Emergency Procedures
Post these rules prominently and drill them regularly:
- Small spill, no fire: Cover immediately with sand or earth. Do not wash with water. Scoop up contaminated sand and dispose of it away from structures.
- Small fire (less than 1 meter): Smother with sand, earth, or wet blanket. Approach from upwind. Do not try to move burning containers.
- Large fire: Evacuate immediately. Do not attempt to fight a petroleum fire larger than you can smother in seconds. Move upwind and uphill. Account for all personnel.
- Person on fire: Drop and roll on bare ground. Smother with wet blanket. Do not run — running fans the flames. Do not use water if petroleum is the fuel source on clothing, as it can spread the burning liquid.
- Vapor exposure: Move to fresh air immediately. If someone collapses in a vaporous area, do not enter without ventilating first — you will also collapse.
Burn Treatment
In a rebuilding scenario without modern medical facilities:
- Cool the burn immediately with clean, cool (not ice-cold) water for at least 10 minutes
- Do not apply butter, grease, or oil — these trap heat and worsen the burn
- Cover with clean cloth loosely — do not wrap tightly
- For severe burns (blistering, charred skin, or burns covering large areas), this is a medical emergency requiring the best care your community can provide
- Keep the victim hydrated — severe burns cause massive fluid loss
Training and Culture
The most important fire prevention tool is a culture of safety discipline.

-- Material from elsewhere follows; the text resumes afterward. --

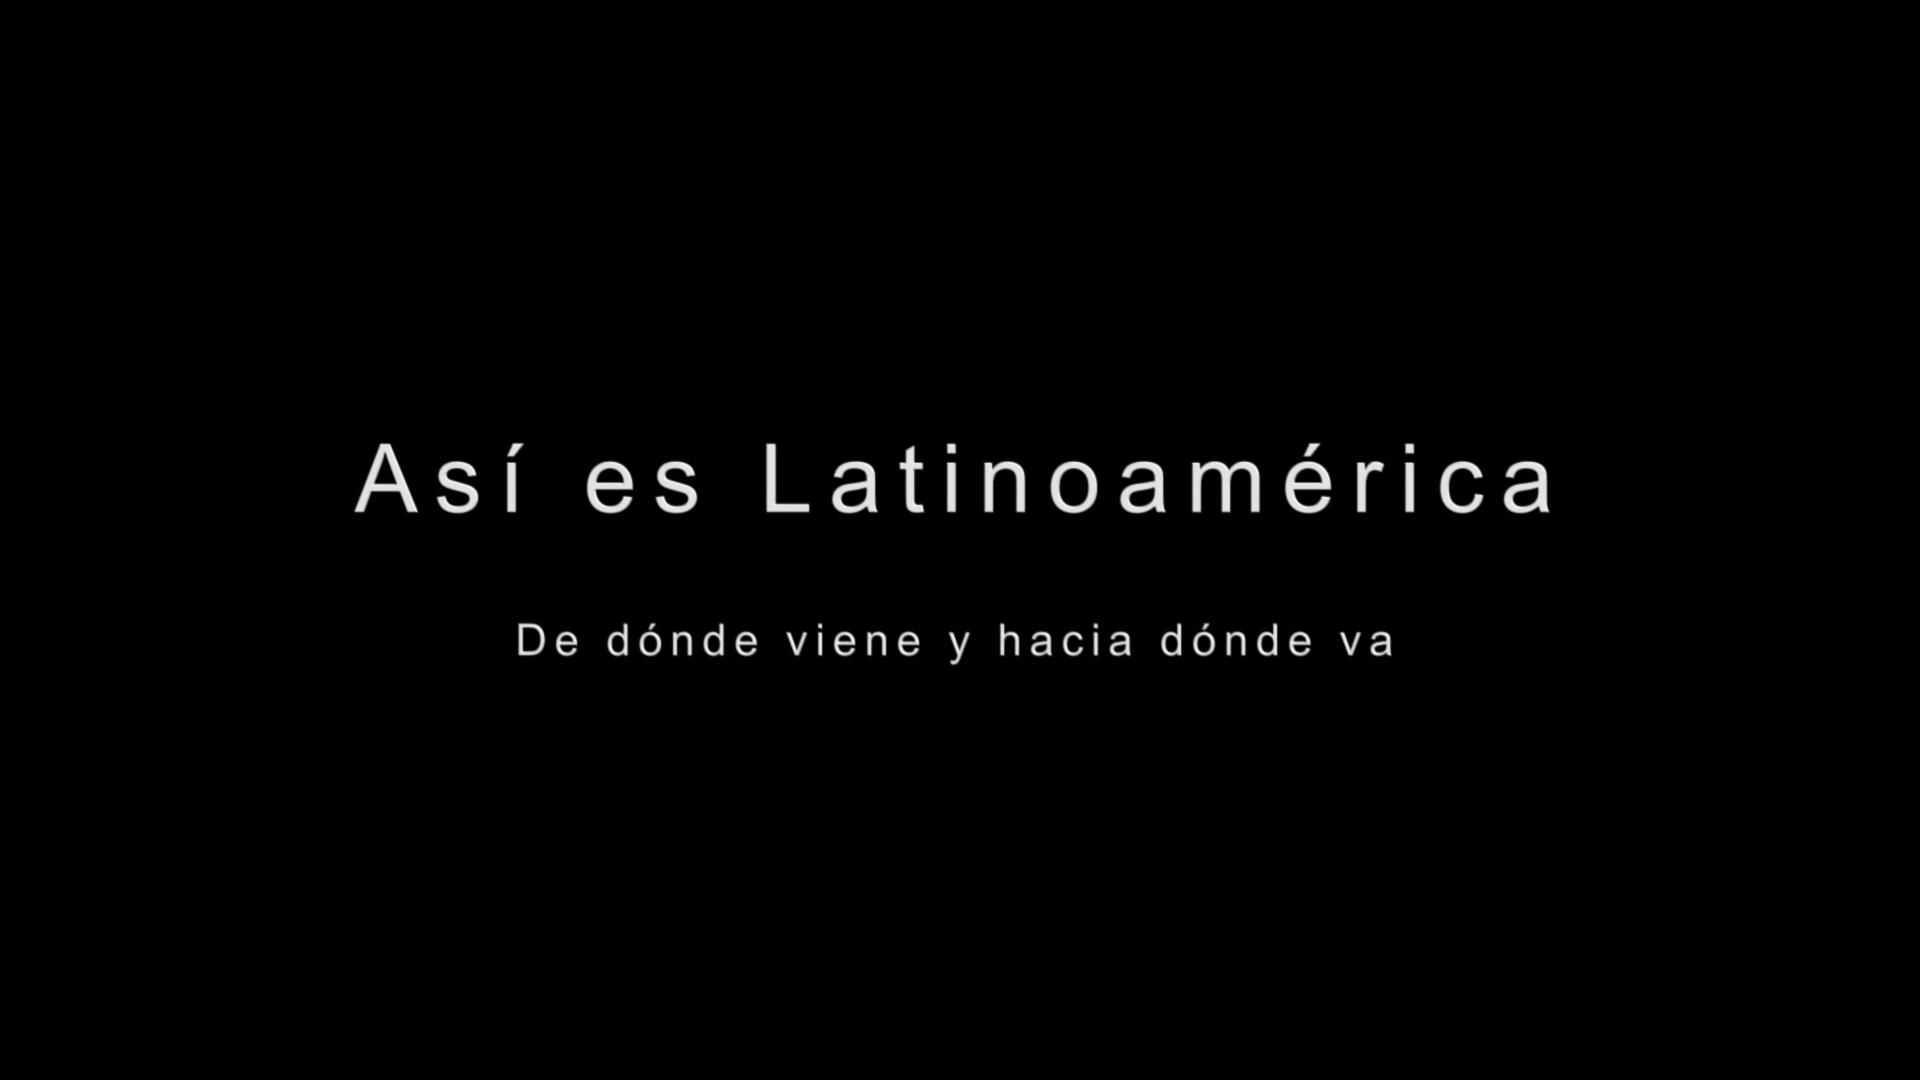 Así es Latinoamércia Ad 1
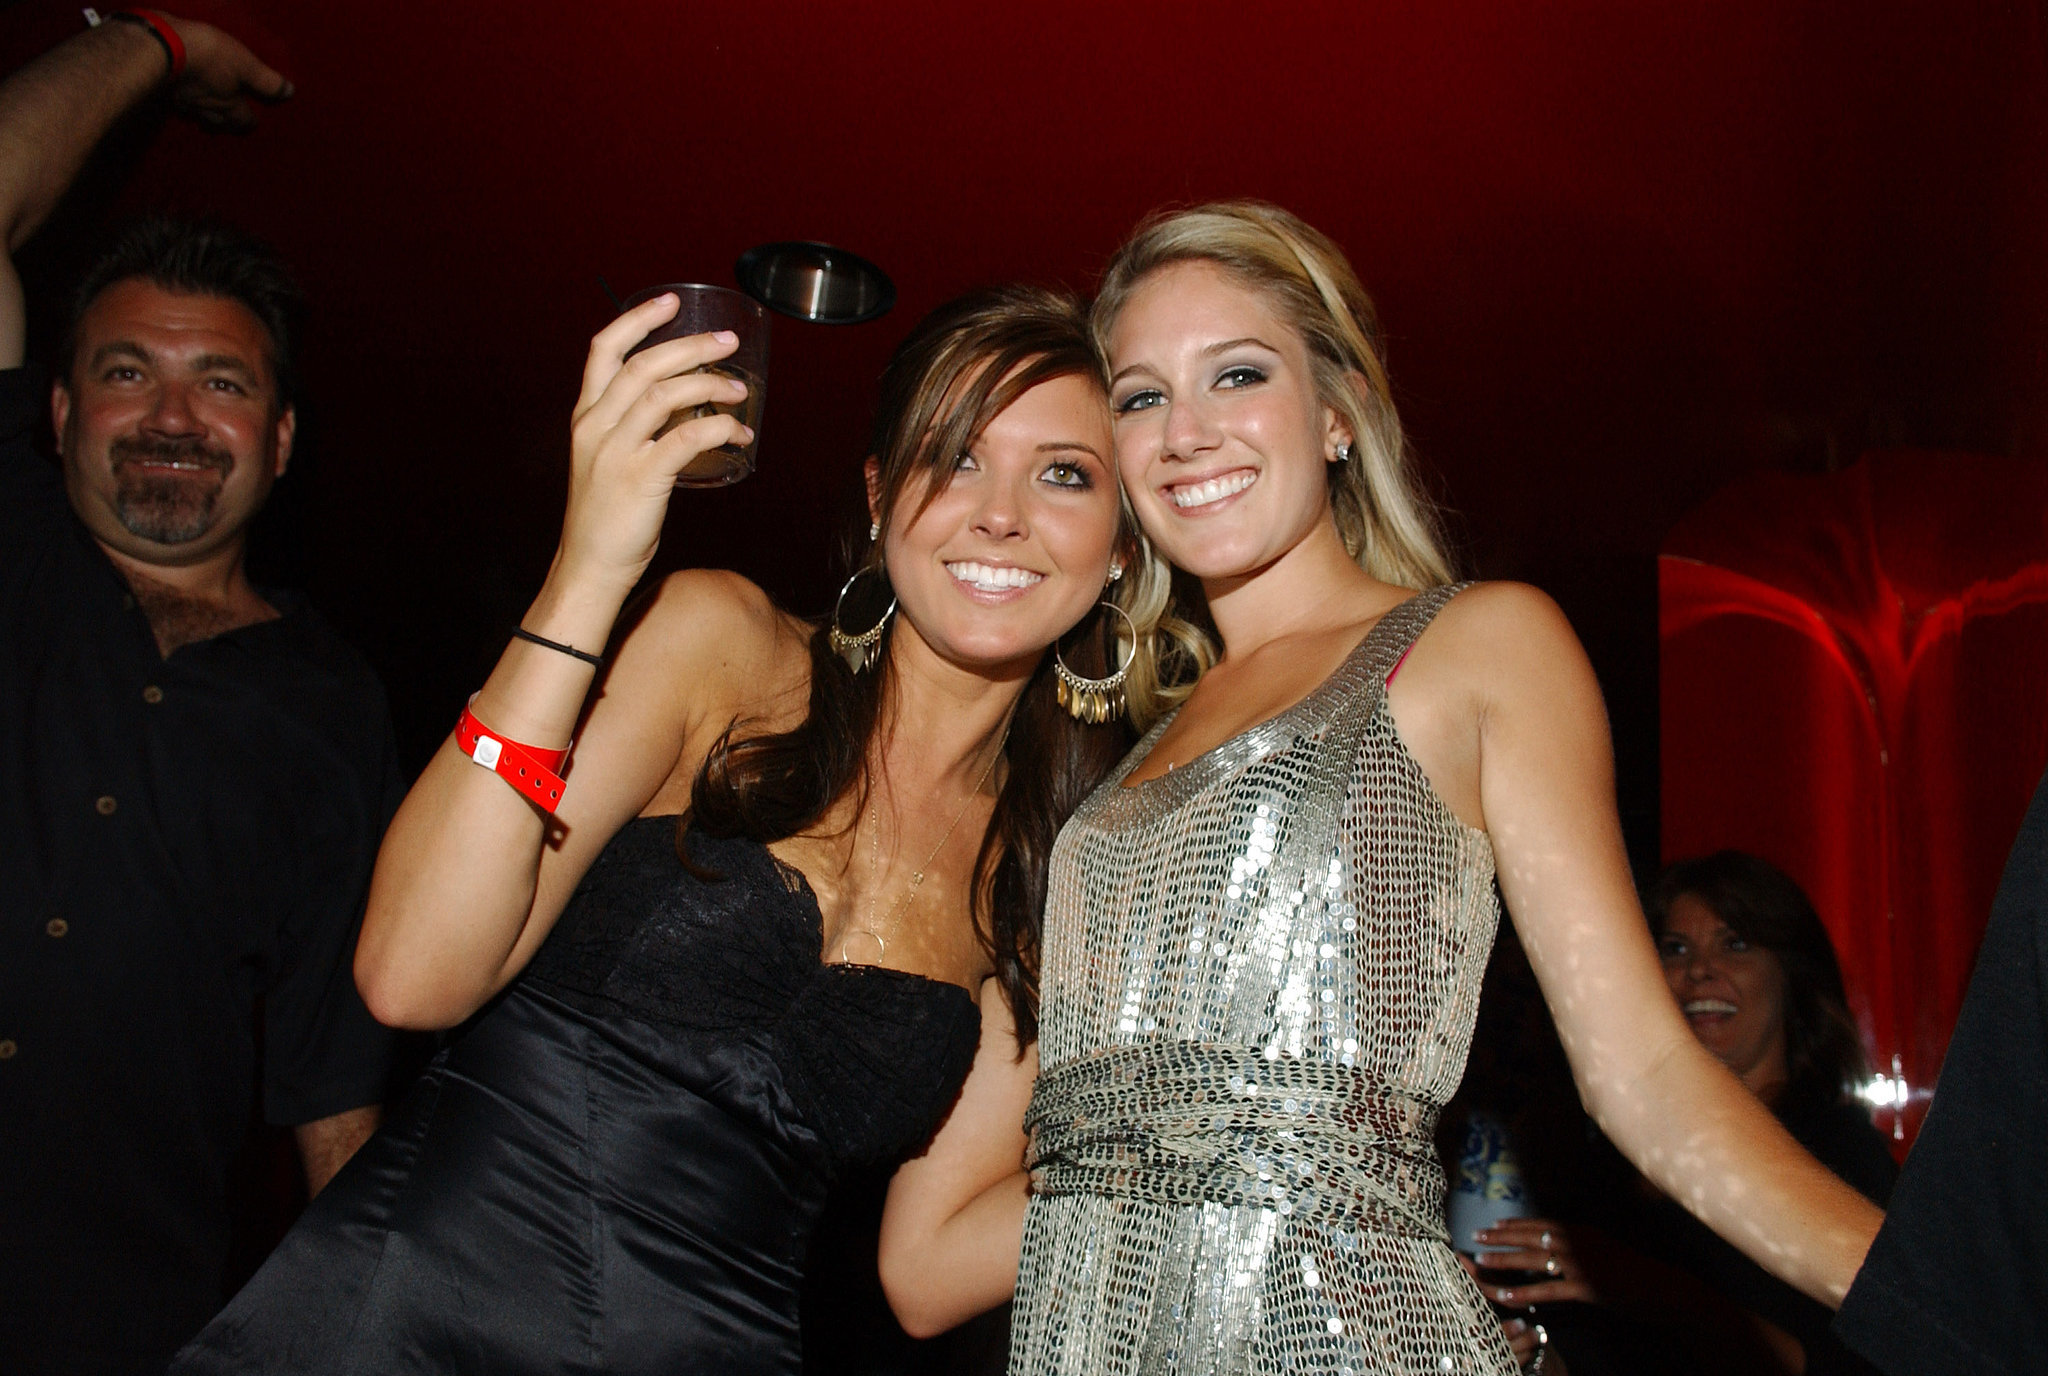 Audrina Patridge and Heidi Montag

- Train every person who will be near petroleum operations. Not just the distillers — anyone who enters the area.
- Designate a safety officer for every shift of petroleum work. This person’s sole job is watching for hazards, not doing production work.
- Enforce no-flame zones rigorously. No smoking, no candles, no “quick” torch use near petroleum areas. Zero exceptions.
- Practice emergency drills monthly. When a fire occurs, people must react from trained instinct, not panicked improvisation.
- Investigate every incident, no matter how small. A small spill today is a catastrophic fire tomorrow. Identify the cause and fix the procedure.
The Two-Person Rule
Never allow anyone to work alone with petroleum products. Always require at least two people present — one to work, one to watch and respond to emergencies. This single rule has saved more lives than any piece of equipment.
Seasonal Considerations
Fire risk varies significantly with weather:
Hot weather: Increased vapor pressure from all fractions. Even kerosene becomes more dangerous. Schedule petroleum work for early morning or evening. Increase ventilation. Monitor containers for pressure buildup.
Dry weather: Surrounding vegetation becomes tinder. Expand your cleared zone. Keep firefighting sand supplies doubled. Consider suspending distillation operations during extreme fire danger.
Cold weather: Reduced vapor hazard from most fractions, but gasoline remains dangerous at any temperature. Indoor work becomes tempting — resist the urge for enclosed spaces.
Windy conditions: Wind can carry vapors unpredictably toward ignition sources, but also provides excellent natural ventilation. Monitor wind direction and reposition operations if the wind shifts toward flames or structures.